The U.S. economy added more jobs than forecast in April, easing concern that higher fuel prices are slowing the economic recovery.
Payrolls increased by 244,000 workers last month, the biggest gain since May 2010, after a revised 221,000 gain the prior month, the Labor Department said today in Washington. Economists projected an April rise of 185,000, according to the median estimate in a Bloomberg News survey. Employment excluding government jobs jumped the most in five years. The jobless rate rose to 9 percent, the first increase since November.
More jobs and rising wages may give households, whose spending accounts for 70 percent of the economy, the means to overcome the highest gasoline prices in almost three years. Federal Reserve Chairman Ben S. Bernanke and some of his colleagues have signaled they plan to forge ahead through June with record monetary stimulus to bolster the expansion.

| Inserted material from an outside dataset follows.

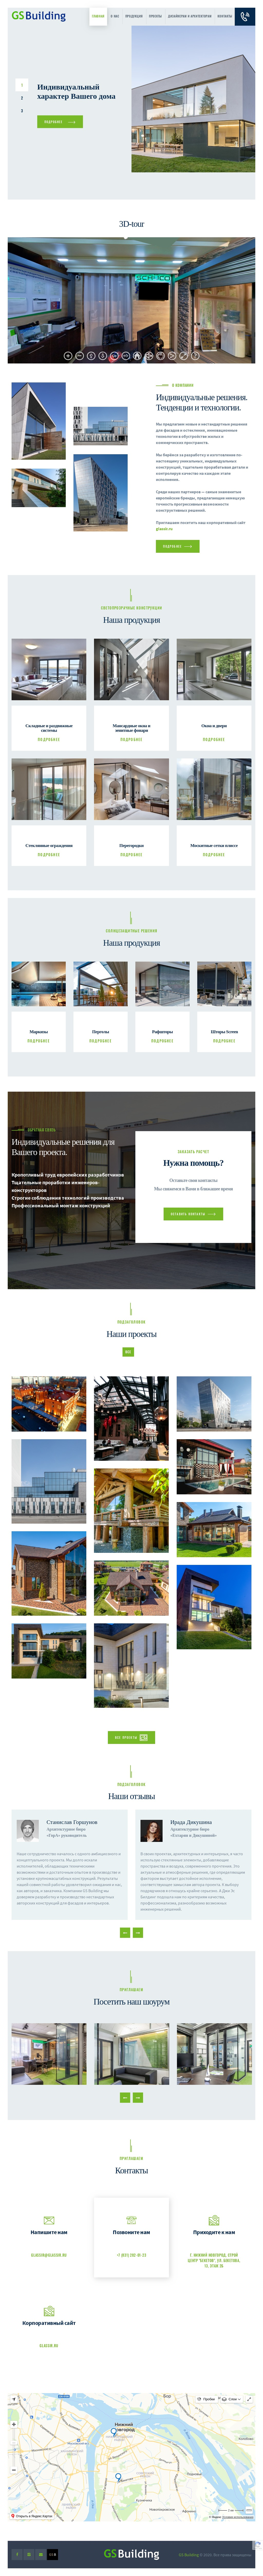 gsb-nn-ru-1024xFULLdesktop-ef585f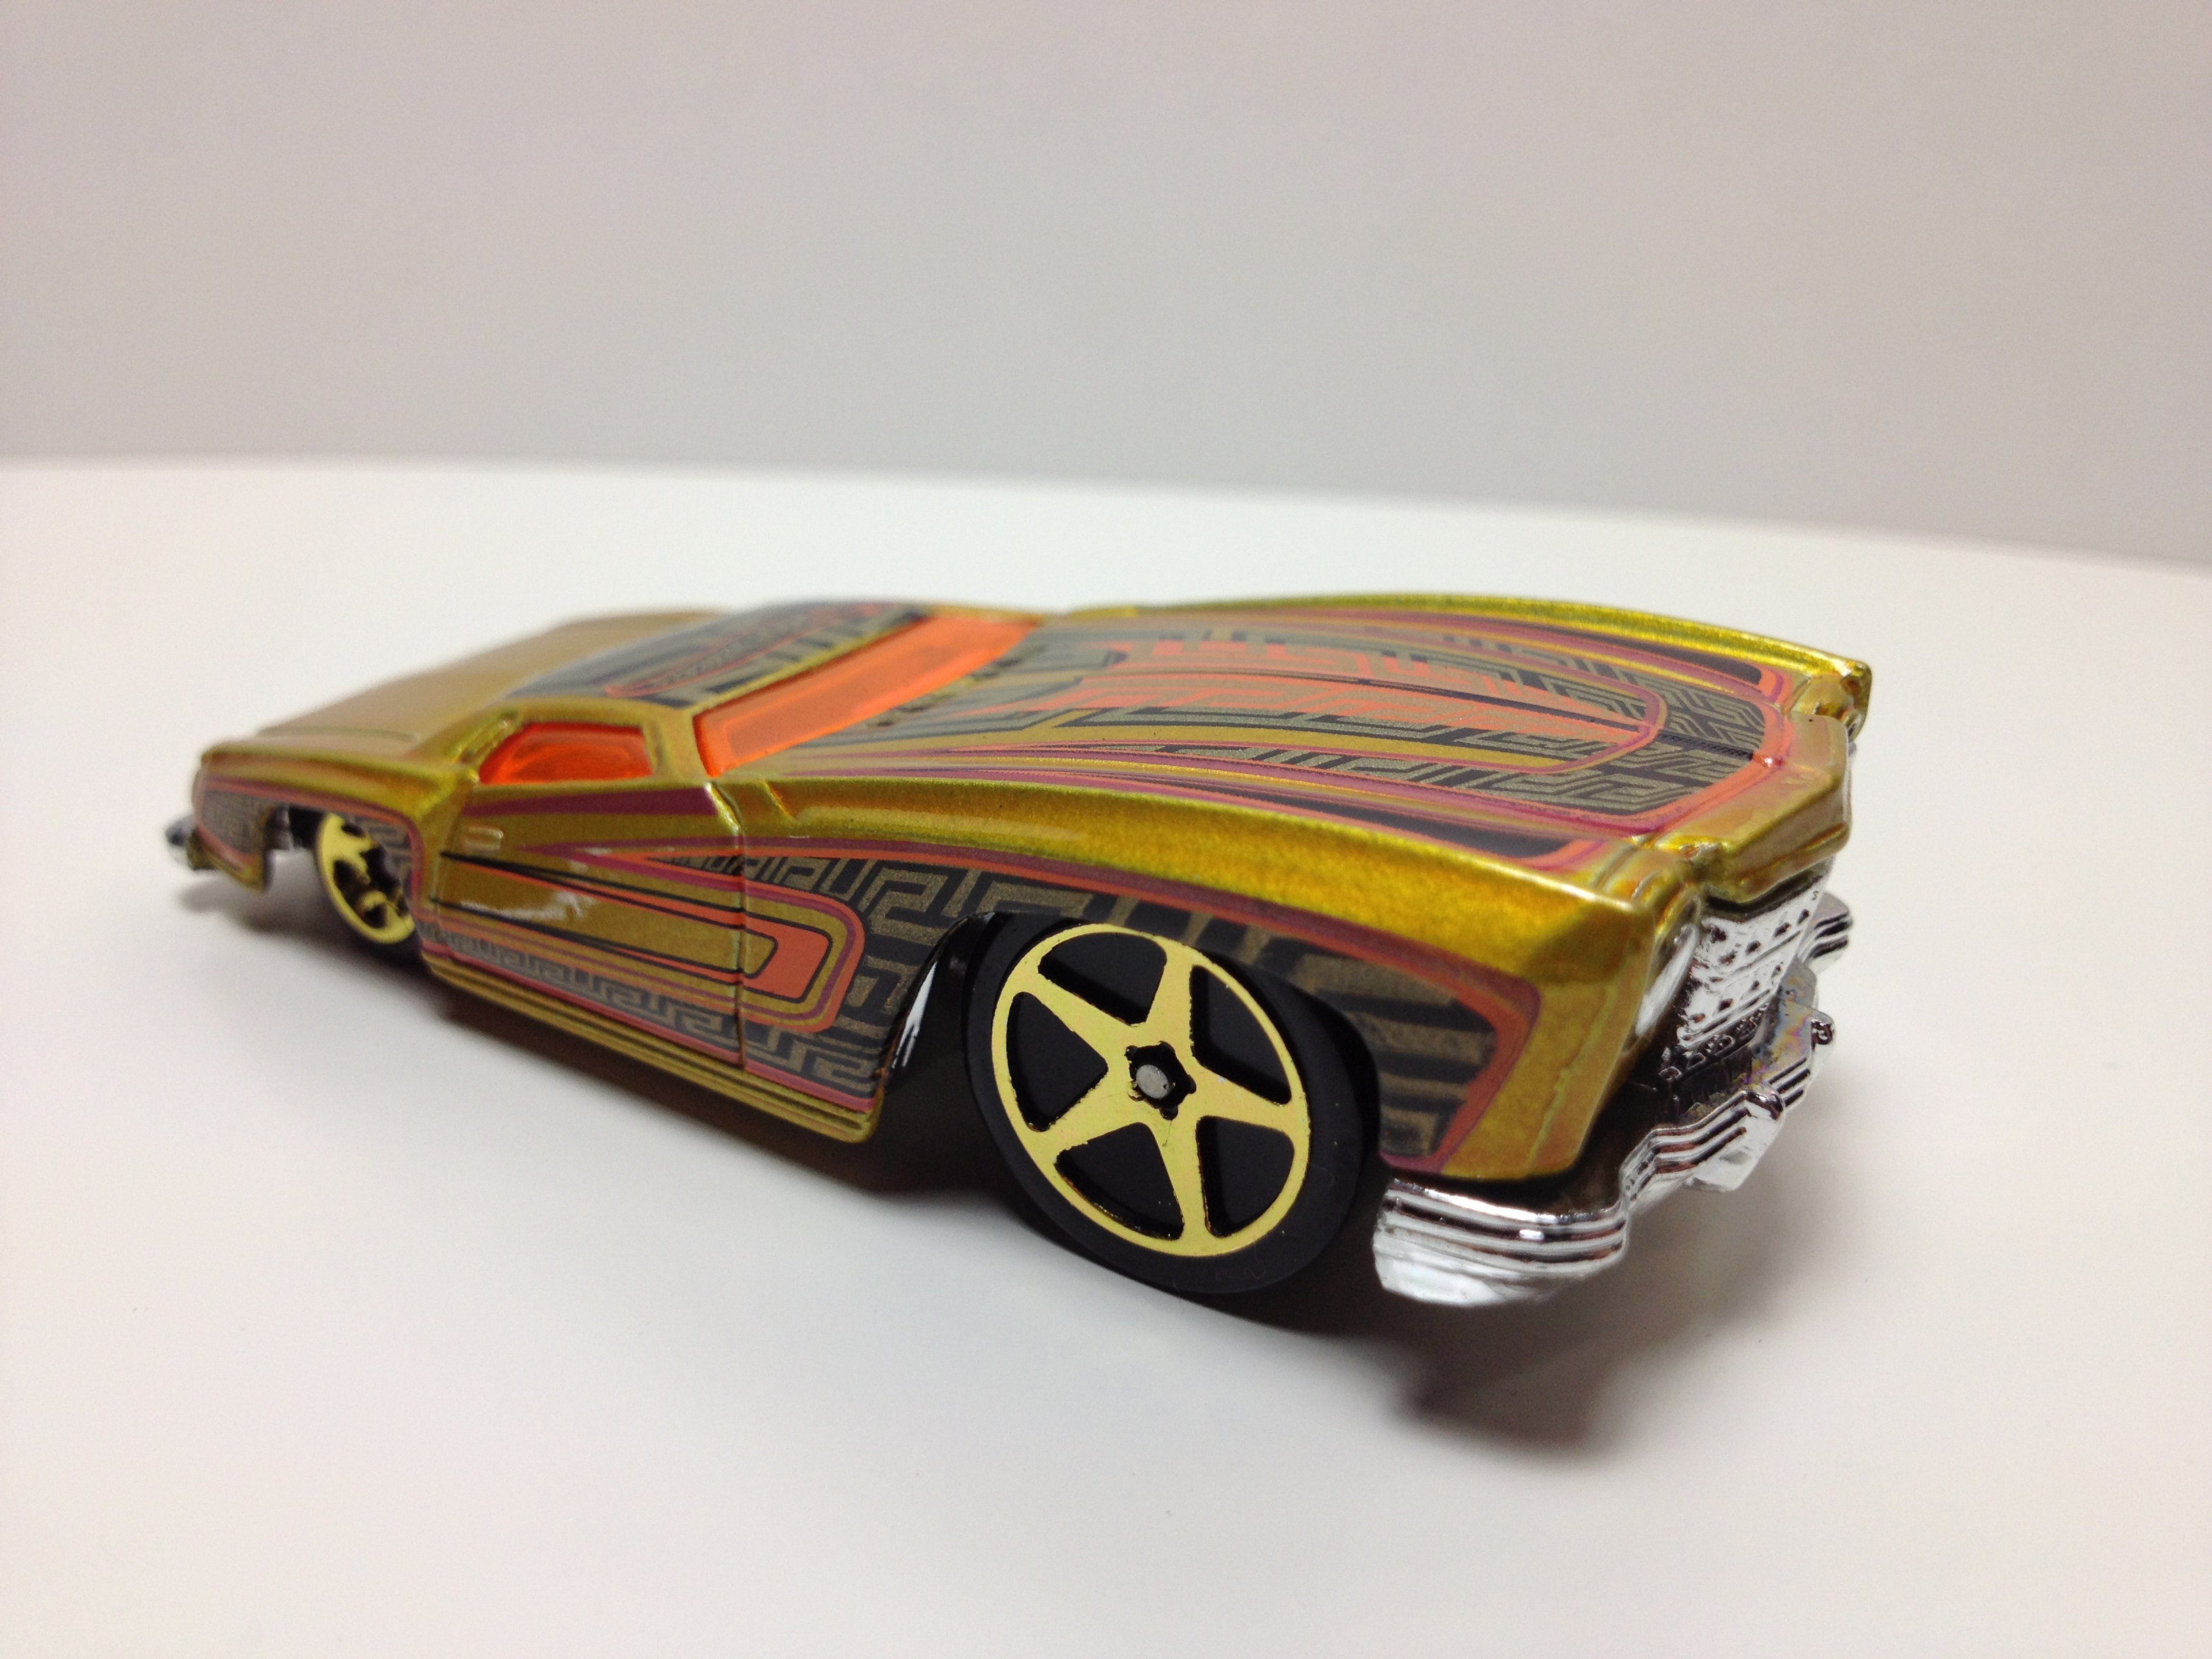 1974 Chevy Monte Carlo (Hardnoze)

“The recovery has progressed into the self-propelling stage, where it’s less vulnerable to short-term swings in sentiment,” said Jim O’Sullivan, chief economist at MF Global Inc. in New York, who forecast a gain of 250,000 jobs.
Stock-index futures rose and Treasuries fell after the report. The contract on the Standard & Poor’s 500 Index expiring in June climbed 0.9 percent to 1,347.5 at 8:48 a.m. in New York. The yield on the benchmark 10-year note increased to 3.23 percent from 3.15 percent.